Static footprints with C
extension:
$ size nuttx-*
text data bss dec hex filename
176861 397 10256 187514 2dc7a nuttx-rv64ilp32
173171 681 12416 186268 2d79c nuttx-lp64
Dynamic footprints with C
extension:
nsh> cat /proc/version
NuttX version 12.4.0 77abbe5a43-dirty Jun 6 2024 16:22:56 rv-virt/nsh64ilp32
nsh> free
total used free maxused maxfree nused nfree
Umem: 33364764 8068 33356696 8052 33356664 21 2
nsh> cat /proc/version
NuttX version 12.4.0 5ce64a46a5-dirty Jun 6 2024 16:23:33 rv-virt/nsh64
nsh> free
total used free maxused maxfree nused nfree
Umem: 33366008 10344 33355664 10312 33355616 21 2
We can see that the code size if rv64ilp32
is slightly(2.13%) bigger, and data memory reduced 18% or 22% for static or dynamic regions.

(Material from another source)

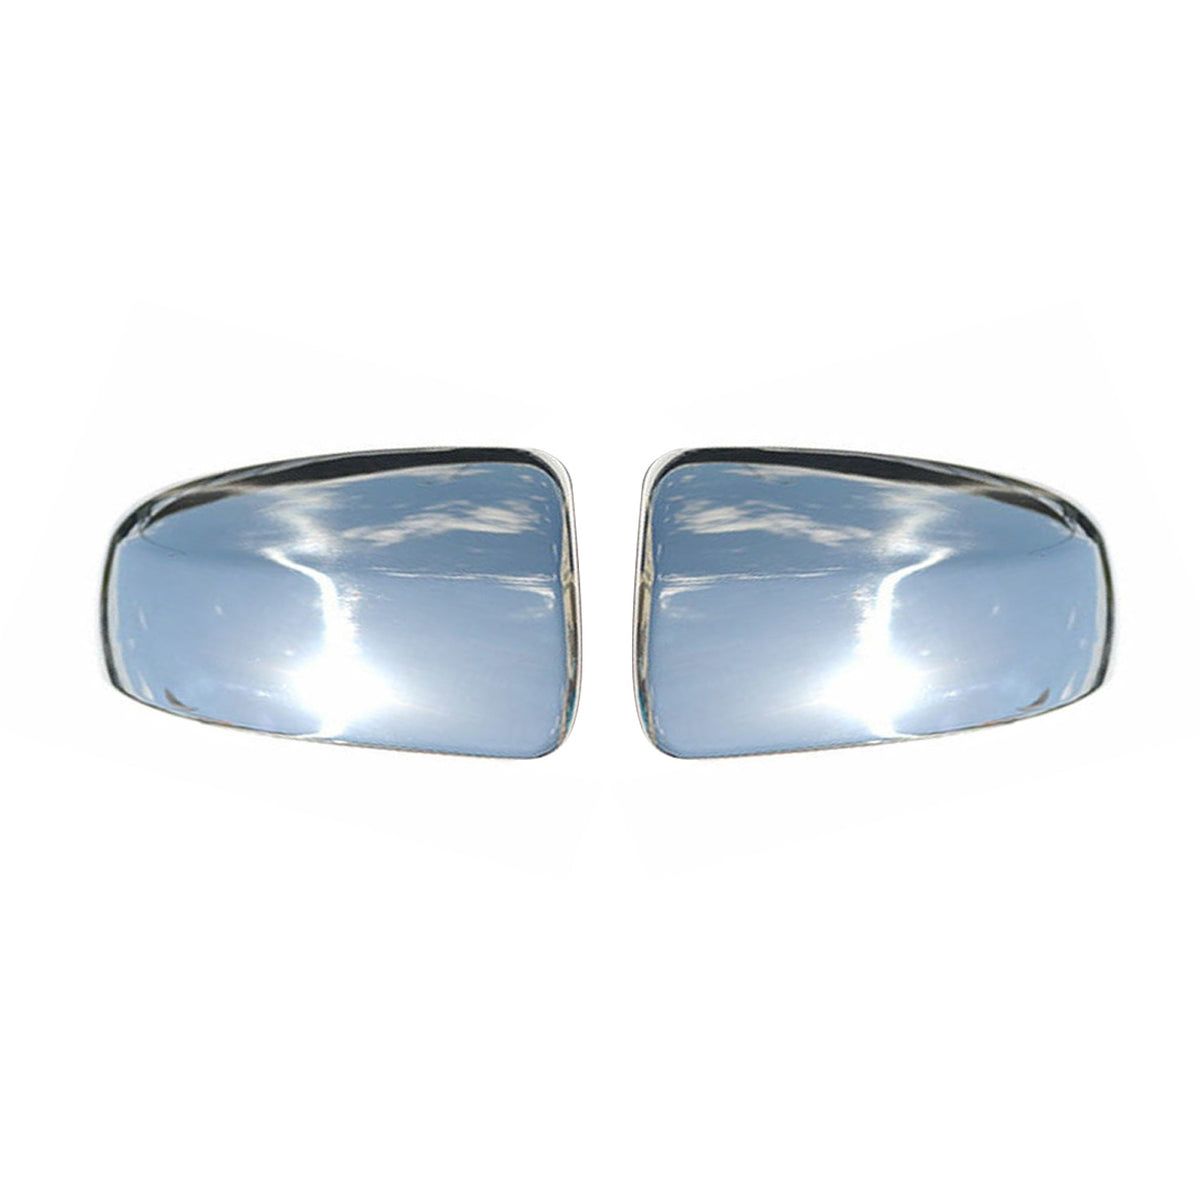 Spiegelkappen Spiegelabdeckung für Mercedes Vito W639 2010-2014 Edelstahl Silber
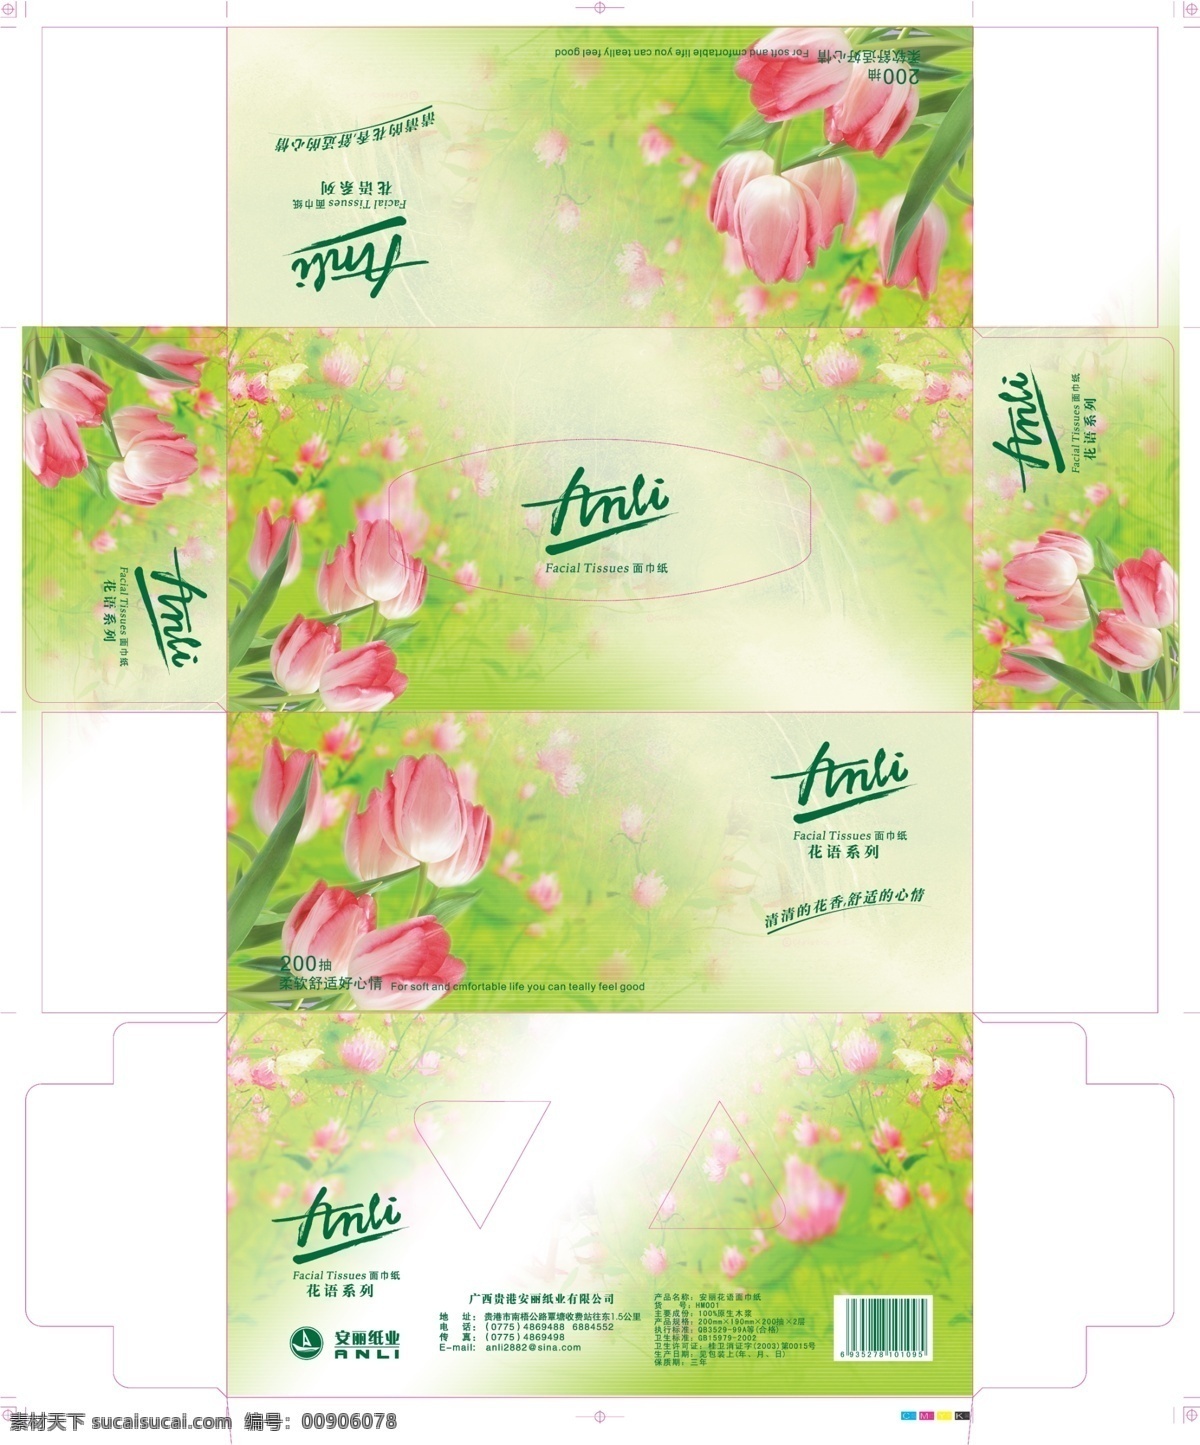 唯美 花朵 纸盒 设计制作 效果图 抽纸设计 分层素材 绿色 叶子 艺术字 纸盒设计 盒子印刷素材 袋子素材 纸盒产品 psd源文件

When sharing above initial comparison with XuanTie developer, I was suggested to turn off the compressed instruction extension C
and recheck the text sizes.
So here we have a another list, while the rv64ilp32 program’s text size is smaller:
$ size nuttx-*
text data bss dec hex filename
231321 397 10256 241974 3b136 nuttx-rv64ilp32
231441 681 12416 244538 3bb3a nuttx-lp64
The XuanTie developer futher exaplained that current RISC-V ISA C extension doesn’t have enough considerations for the rv64ilp32
ABI, thus code size is slightly larger when the C extension is used. Here we hope that the RISC-V ISA C extension can evolve to support rv64ilp32
ABI better in the future.
With a few more tweaks ending with this patch, NuttX FLAT build can run on CanMV230:
Hit any key to stop autoboot: 0
starting USB...
Bus usb-otg@91540000: dwc2_usb usb-otg@91540000: Core Release: 4.30a
USB DWC2
scanning bus usb-otg@91540000 for devices... 2 USB Device(s) found
scanning usb for storage devices... 0 Storage Device(s) found
Waiting for Ethernet connection... done.
Using r8152_eth device
TFTP from server 10.0.1.1; our IP address is 10.0.1.2
Filename 'master.bin'.
Load address: 0x8000000
Loading: #############
1.7 MiB/s
done
Bytes transferred = 187236 (2db64 hex)
## Starting application at 0x08000000 ...
ABC
NuttShell (NSH) NuttX-12.4.0
nsh> cat /proc/version
NuttX version 12.4.0 caa94ef64b-dirty Jun 19 2024 06:55:46 canmv230/nsh32
nsh> free
total used free maxused maxfree nused nfree
Umem: 16574332 6396 16567936 6752 16567904 19 2
nsh> ps
PID GROUP PRI POLICY TYPE NPX STATE EVENT SIGMASK STACK USED FILLED COMMAND
0 0 0 FIFO Kthread - Ready 0000000000000000 002032000816 40.1% Idle_Task
1 1 100 RR Task - Running 0000000000000000 003024002096 69.3% nsh_main
nsh>
The data memory reducation is in line with that of QEMU. Performances of a few checked apps like getprime and slightly tweaked smallpt are no worse than that of the rv64lp64
build, and the calib_udelay app even has 15% faster result.
Note that this isn’t a formal test due to limited set of apps at hand, but the result is basically in line with those published results.